Eurozone PMI Services slumped to 47.8 (final reading) from September’s 48.7. PMI Composite index, which tracks both manufacturing and services, descended to a 35-month low of 46.5 from 47.2. The rate at which new business is falling has reached levels not seen since 2012, with the exception of the pandemic period.
This downturn is evident across key Eurozone economies, with member states reporting troubling metrics.

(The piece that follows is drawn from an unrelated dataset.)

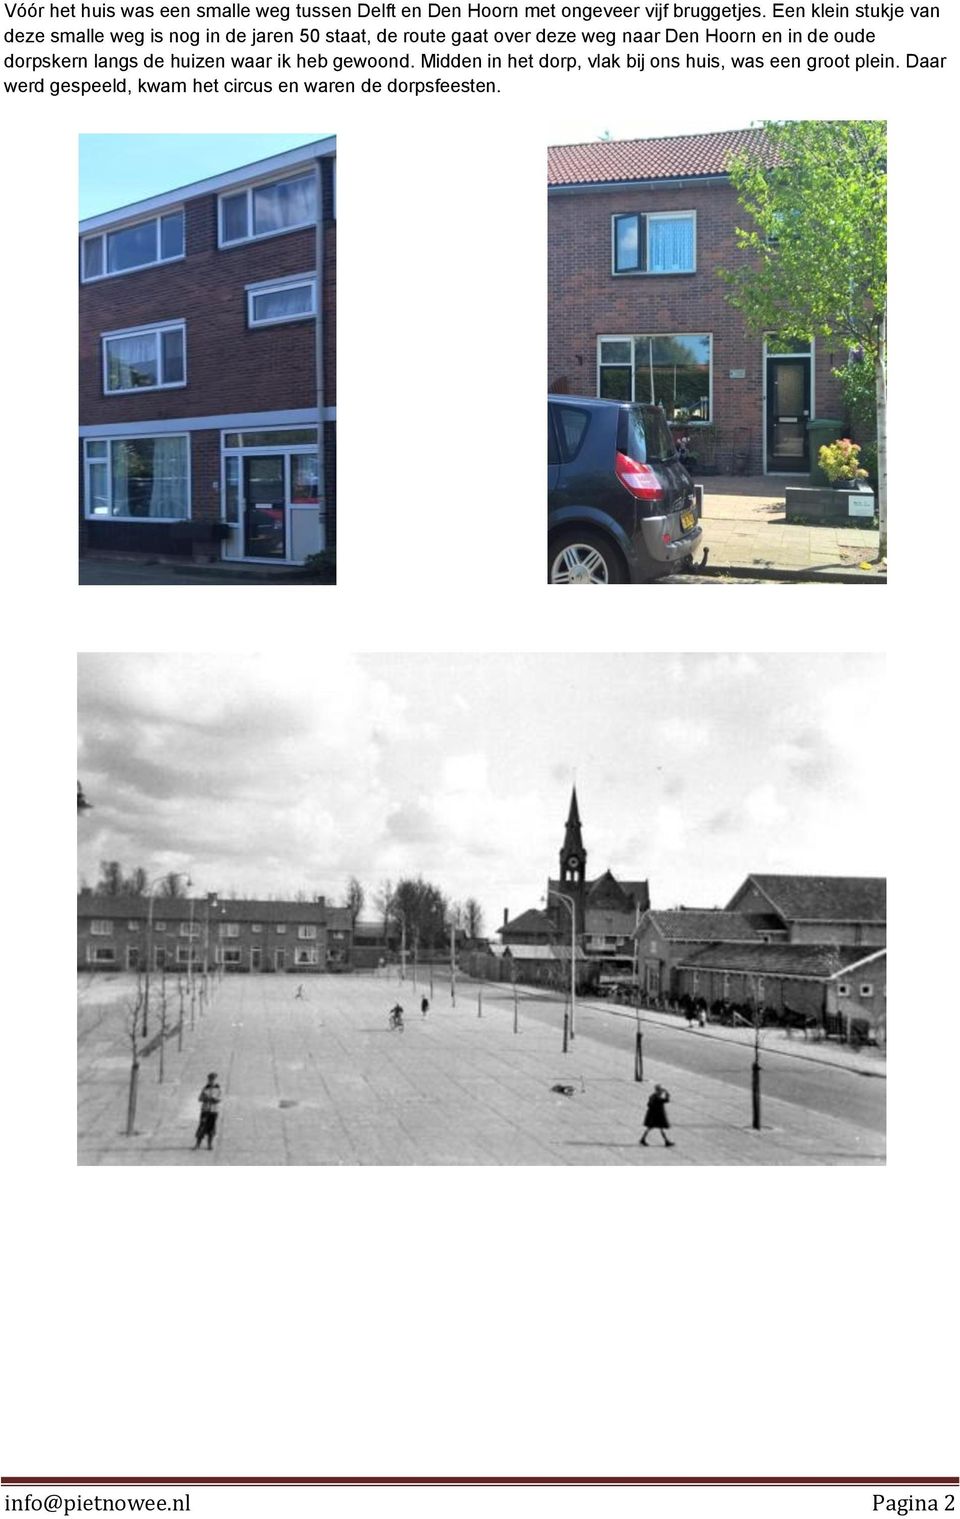 Den Hoorn en in de oude dorpskern langs de huizen waar ik heb gewoond.

Spain hit a 2-month low at the brink of stagnation with PMI Composite of 50.0, while Ireland descended to an 11-month low at 49.7. Italy and Germany both reported figures suggesting continuing contraction in service sector activity, with PMIs at 47.0 and 45.9 respectively. France, although at a 2-month high, still sits in a contractionary phase at 44.6.

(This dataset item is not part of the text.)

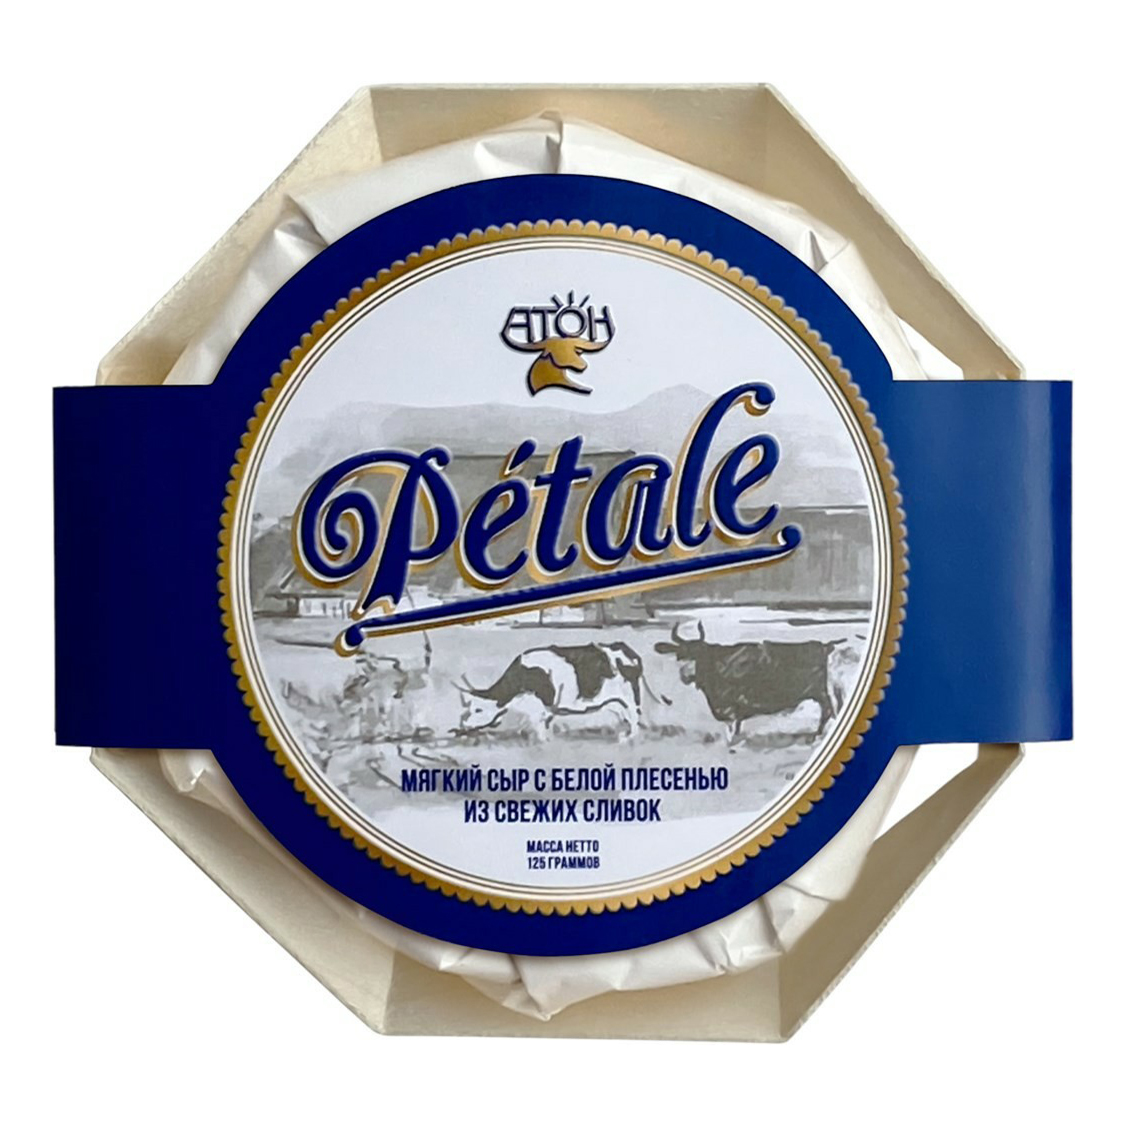 Сыр мягкий Атон Петаль с белой плесенью 60% бзмж 125 г

Cyrus de la Rubia of HCOB offers a stark analysis: “The Eurozone service sector appears to be struggling at the onset of Q4, continuing a three-month trend of decline. A steep decrease in new business intake is a worrying harbinger for future activity. Although there is a slight uptick in future expectations, they still linger well below the historical average.”
The economic situation seems paradoxical, with prices rising without the typical accompanying demand, pointing to a condition of “stagflation”. De la Rubia questions how long this “odd stagflation zone” will persist, a query that also plagues ECB. With PMI data suggesting no quick exit from these conditions, it appears ECB is not in a position to lower interest rates just yet, as it balances the dual threats of sluggish growth and persistent inflation.